Генка, сглотнув, понизил голос и быстро продолжал:
— С тех пор, как издан «Буранный полустанок», ты читала?
— Ты спрашиваешь? Его ввели в программу сразу, а я тогда училась в школе.
— Каких детей на режиссуру принимают… — Опять качнулось тело за портьерой. — Так вот, негласно к экранизации и постановке, «Буранный» не рекомендован, бессилие людей перед махиной государства, где человеческая жизнь бесценна, просто поскольку цена её — ничто, стадо дороже пастуха, и подавленье мысли приёмами и пытками — монкуртизация сознанья, все эти темы просвечиваются при чтении на диване, но не способны вызвать бунт единоличника…
— Читателя?
— Ну, максимум, на что ты приспособишь возмущенье — на негативную реакцию в своём кругу за кухонным столом, а вот соборность сопереживания в театре даёт возможность учить со сцены аудиторию, идущую в народ.

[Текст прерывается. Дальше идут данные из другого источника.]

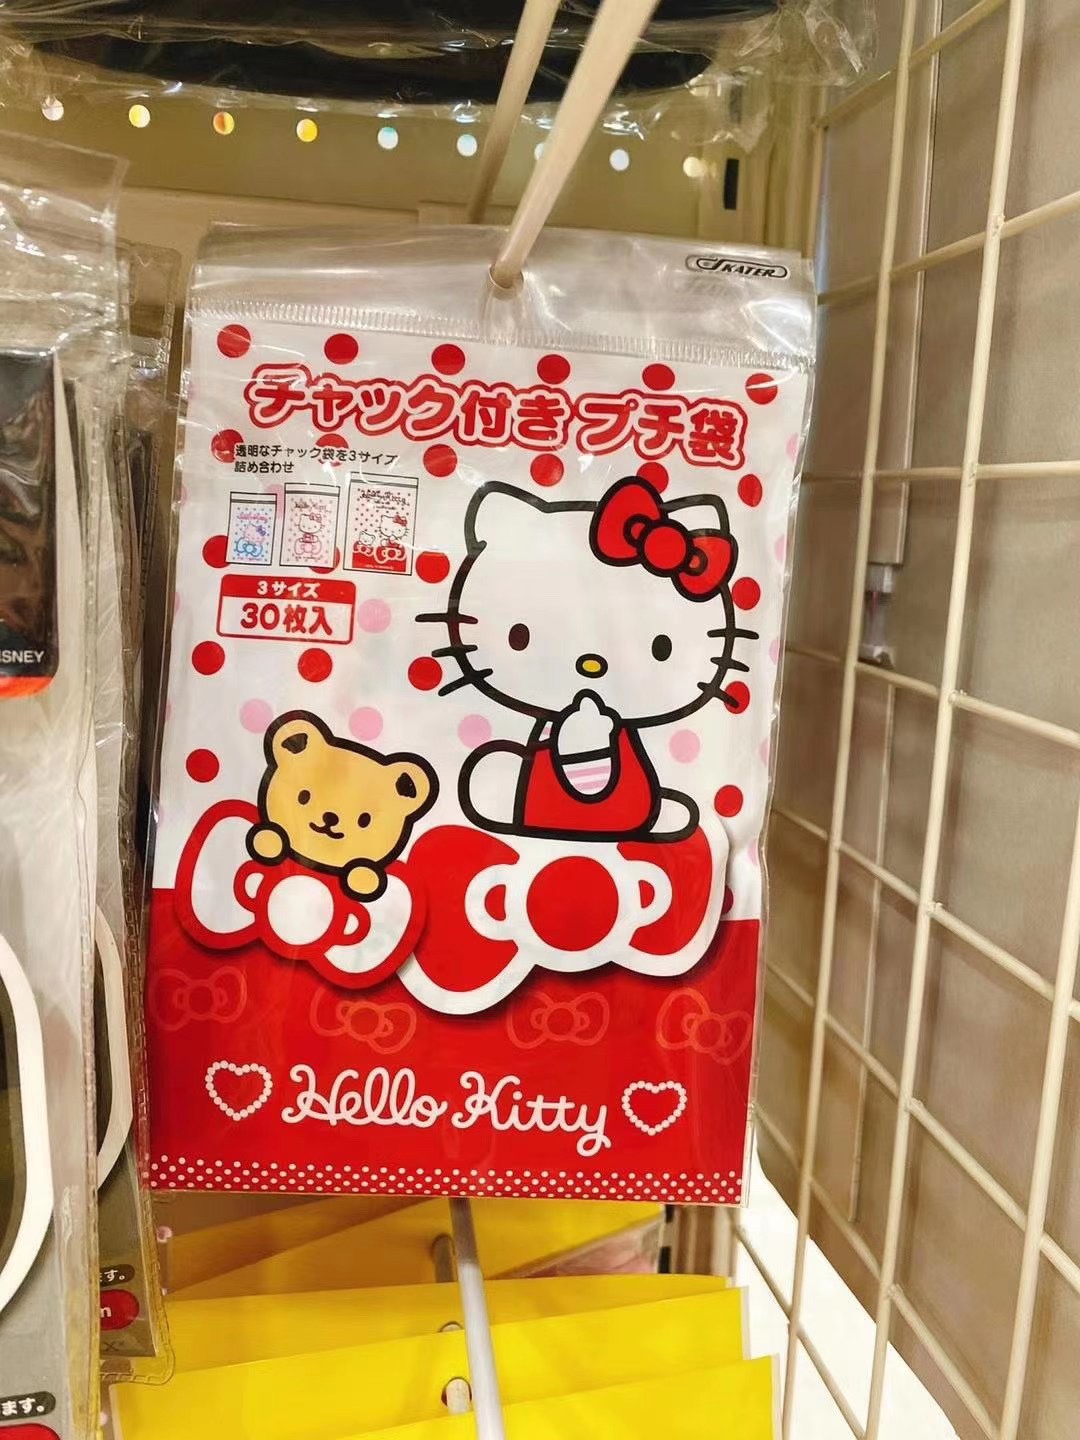 日本采购 斯凯达幼儿园零食袋 自封袋糖果食品包装袋 30枚入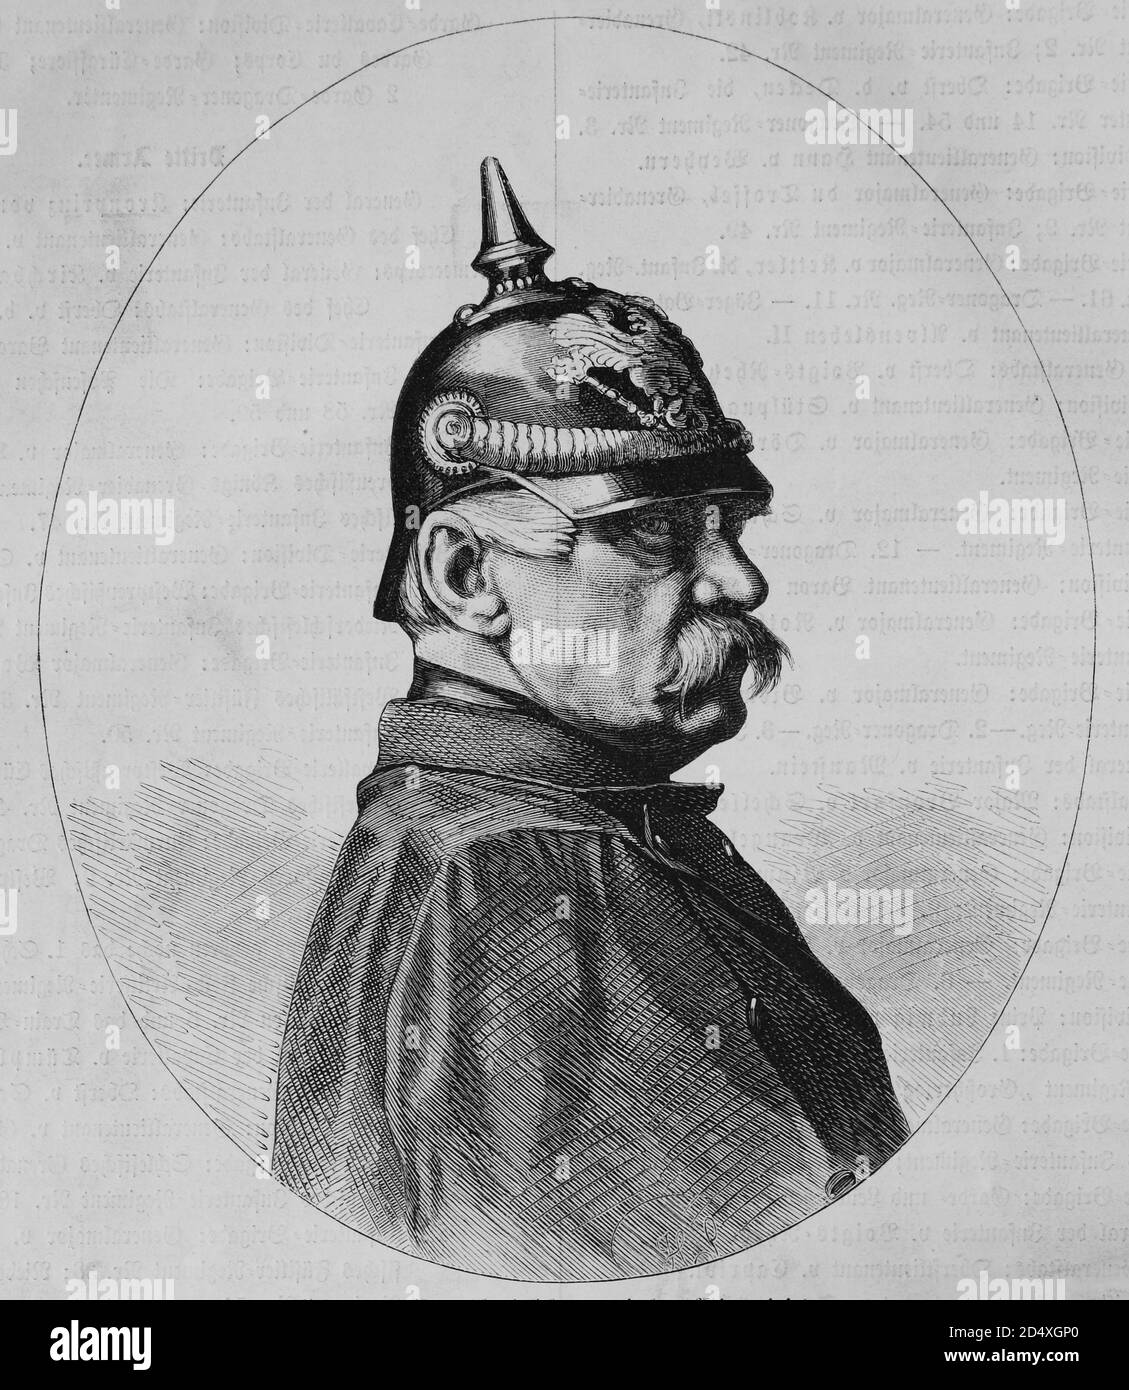 Albrecht Theodor Emil Graf von Roon, 1803-1879, preußischer Feldmarschall, illustrierte Kriegsgeschichte, Deutsch - Französischer Krieg 1870-1871 Stockfoto

— Ой, хватит веры в нигилизмы: «театр — кафедра», соборный зал. Не верю!
Я догадалась подшутить, чтобы избавиться от разговора — пора было идти в гримёрку.
— Волна со сцены в зал, из зала — бунтовать на площадь…
— «Театр-кафедра», кто это молвил? Чернышевский, Добролюбов, Грибоед? Утром в газете, — вечером в куплете. Истошный цирк. Вы тоже в нигилистов-разночинцев играете, как в казаки-разбойники, вам мало показательной цепочки наказаний в Таганке?!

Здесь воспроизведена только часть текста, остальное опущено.